На дороге стоял гуар. Дикий. Большая самка ростом по грудь взрослому мужчине, с серо-зелёной чешуёй, что стояла дыбом на загривке, и гребнем, поднявшимся и потемневшим от ярости. Домашние гуары в Морровинде суть вьючные звери, покорные, с глупыми добрыми глазами; дикие иные. У диких гуаров глаза жёлтые, узкие, и в них нет ничего доброго, и пасть шире, и зубы длиннее, и когти на передних лапах что крюки мясника. Эта самка была голодна, защищала что-то, рычала и била хвостом по земле, а перед ней, отступая и держа перед собой посох, стоял человек.

Человек был бретонец. Я узнал его по лицу, узнаваемому в любой провинции Империи: тонкие черты, высокий лоб, светлая кожа, тёмные волосы, что спадали на плечи, и короткая бородка, что подрастала неровно, как у человека, забывшего побриться пару дней. На нём была потёртая кожаная куртка, подбитая дешёвым мехом, штаны из грубого полотна, сапоги стоптанные, с оторванной подошвой на правом; в руках посох, не боевой, а дорожный, с навершием из обточенного камня, и в этом посохе не было ничего, что могло бы остановить гуара, и бретонец это знал, и отступал, и кричал, не слова, а крик, и в этом крике была вся его смертная тварная природа.

Я бросился. Ноги мои несли меня по склону, и я не чувствовал боли в колене, и нож Селлуса Гравия сам прыгнул в руку из ножен, и я бежал, и не успел. Не успел, потому что гуар, в своей голодной ярости, не видела ничего, кроме добычи перед собой, а бретонец отступал, поскользнулся, упал, и посох выпал, и гуар прыгнул.

Я закричал, чтобы отвлечь, и гуар обернулась на полсекунды, на четверть, и этого мне хватило, чтобы подбежать, вонзить нож в бок твари, провернуть и тянуть вниз, по рёбрам, по чешуе, что захрустела под лезвием; кровь гуара, тёмная, густая, с запахом мускуса, хлынула мне на руки. Гуар взревела, ударила хвостом, я отлетел, упал, ударился головой о камень, в глазах потемнело, и я слышал, как тварь бьётся, как бьётся бретонец, и наконец короткий влажный хруст.

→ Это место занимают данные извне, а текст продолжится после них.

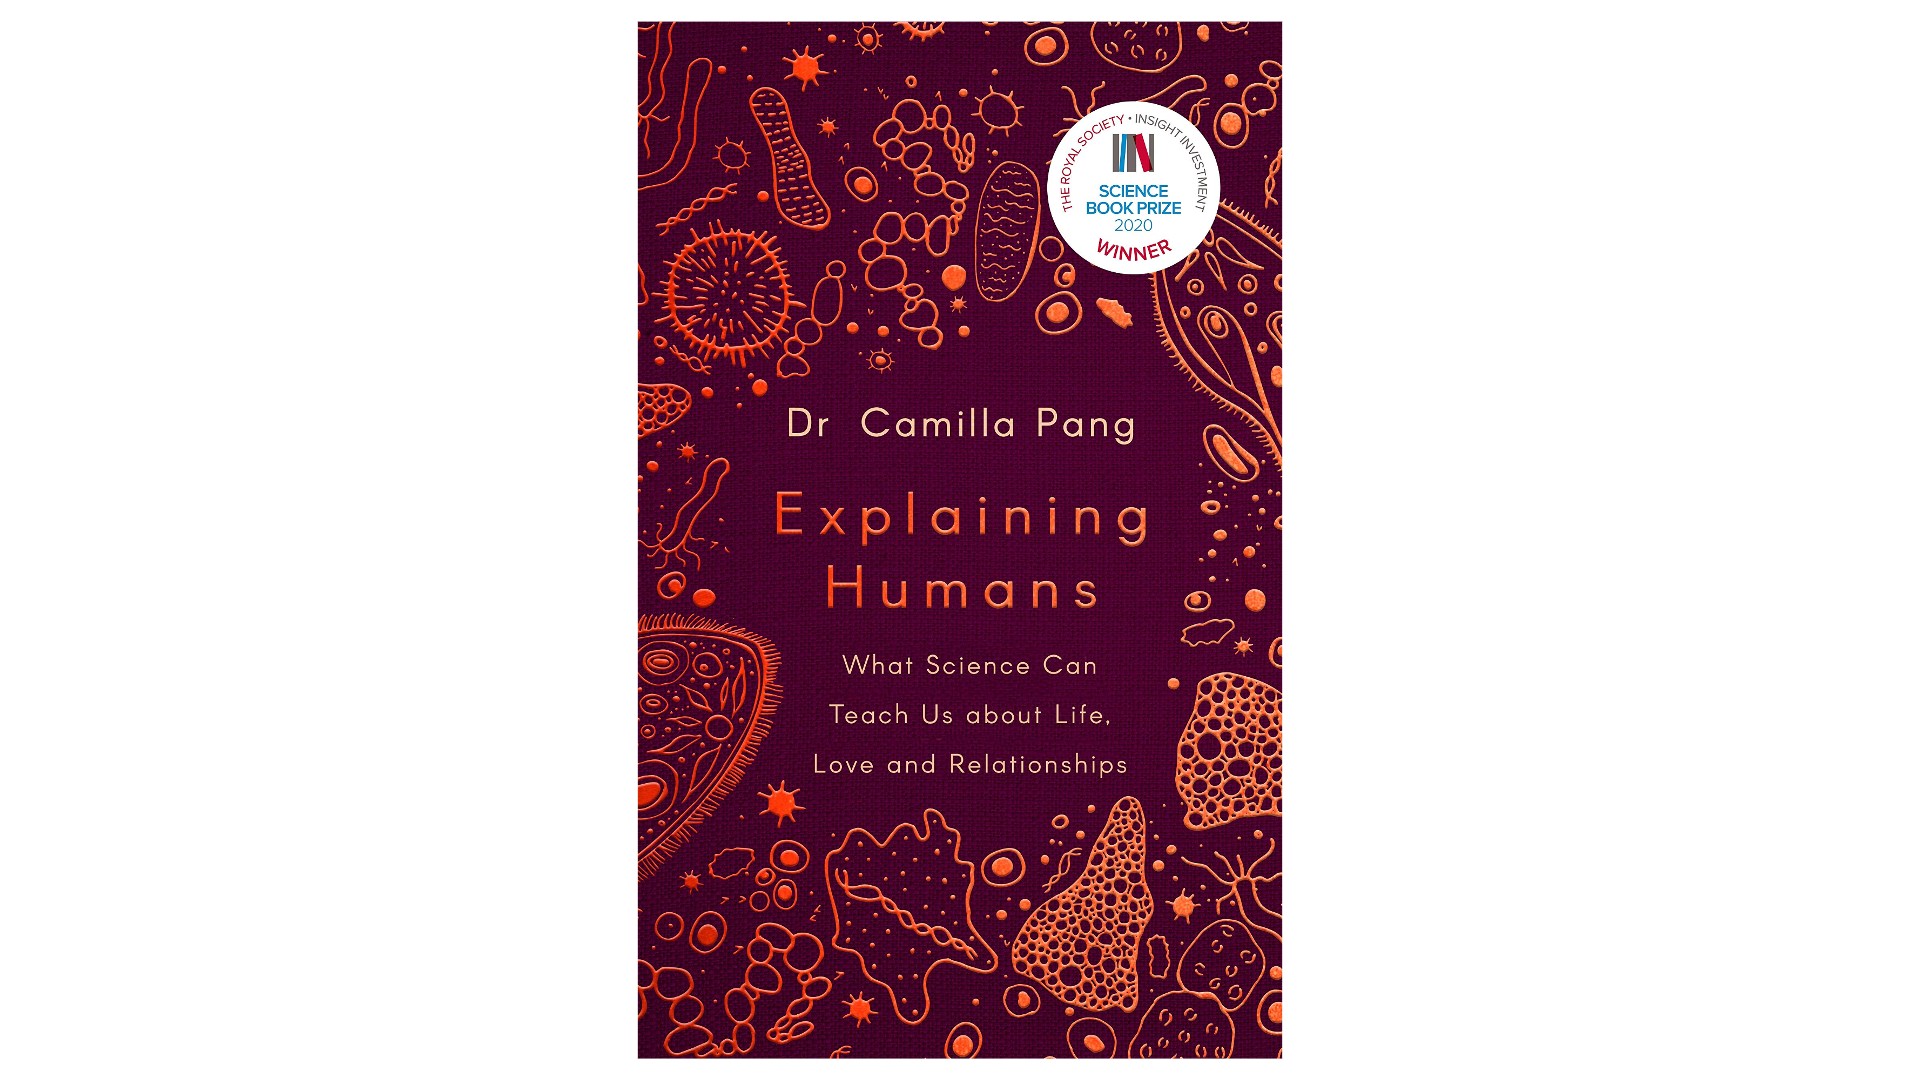 Book cover of What Science Can Teach Us about Life, Love and Relationships by Dr. Camilla Pang

Я поднялся. Гуар ещё стояла, но уже падала: передние лапы подогнулись, кровь текла из бока, пасть была открыта, и в этой пасти, и в этой крови, я увидел шею. Шею бретонца. Гуар, будучи уже мёртвой, успела сомкнуть челюсти. Я подбежал, ударил ножом ещё раз, в основание черепа, туда, где у твари сходятся позвонки, и гуар упала окончательно, разжала зубы, и бретонец повалился на бок, и я опустился рядом, и понял: поздно.

Горло бретонца было разорвано. Артерия порвана, и кровь, тёмная, пульсирующая, выходила толчками, и каждый толчок был реже предыдущего; я смотрел и понимал, что мне нужно было сделать, но я не успел, и теперь уже поздно. Бретонец открыл глаза, голубые, светлые, с белками, что краснели от давления, рот его раскрылся, и из горла шёл не звук, а воздух и кровь; я взял его за руку, и рука была тёплая, и пальцы цеплялись за мои, и я держал, и он умер, быстро, в три вдоха, в четыре, и я держал его руку, и рука остыла, и я отпустил.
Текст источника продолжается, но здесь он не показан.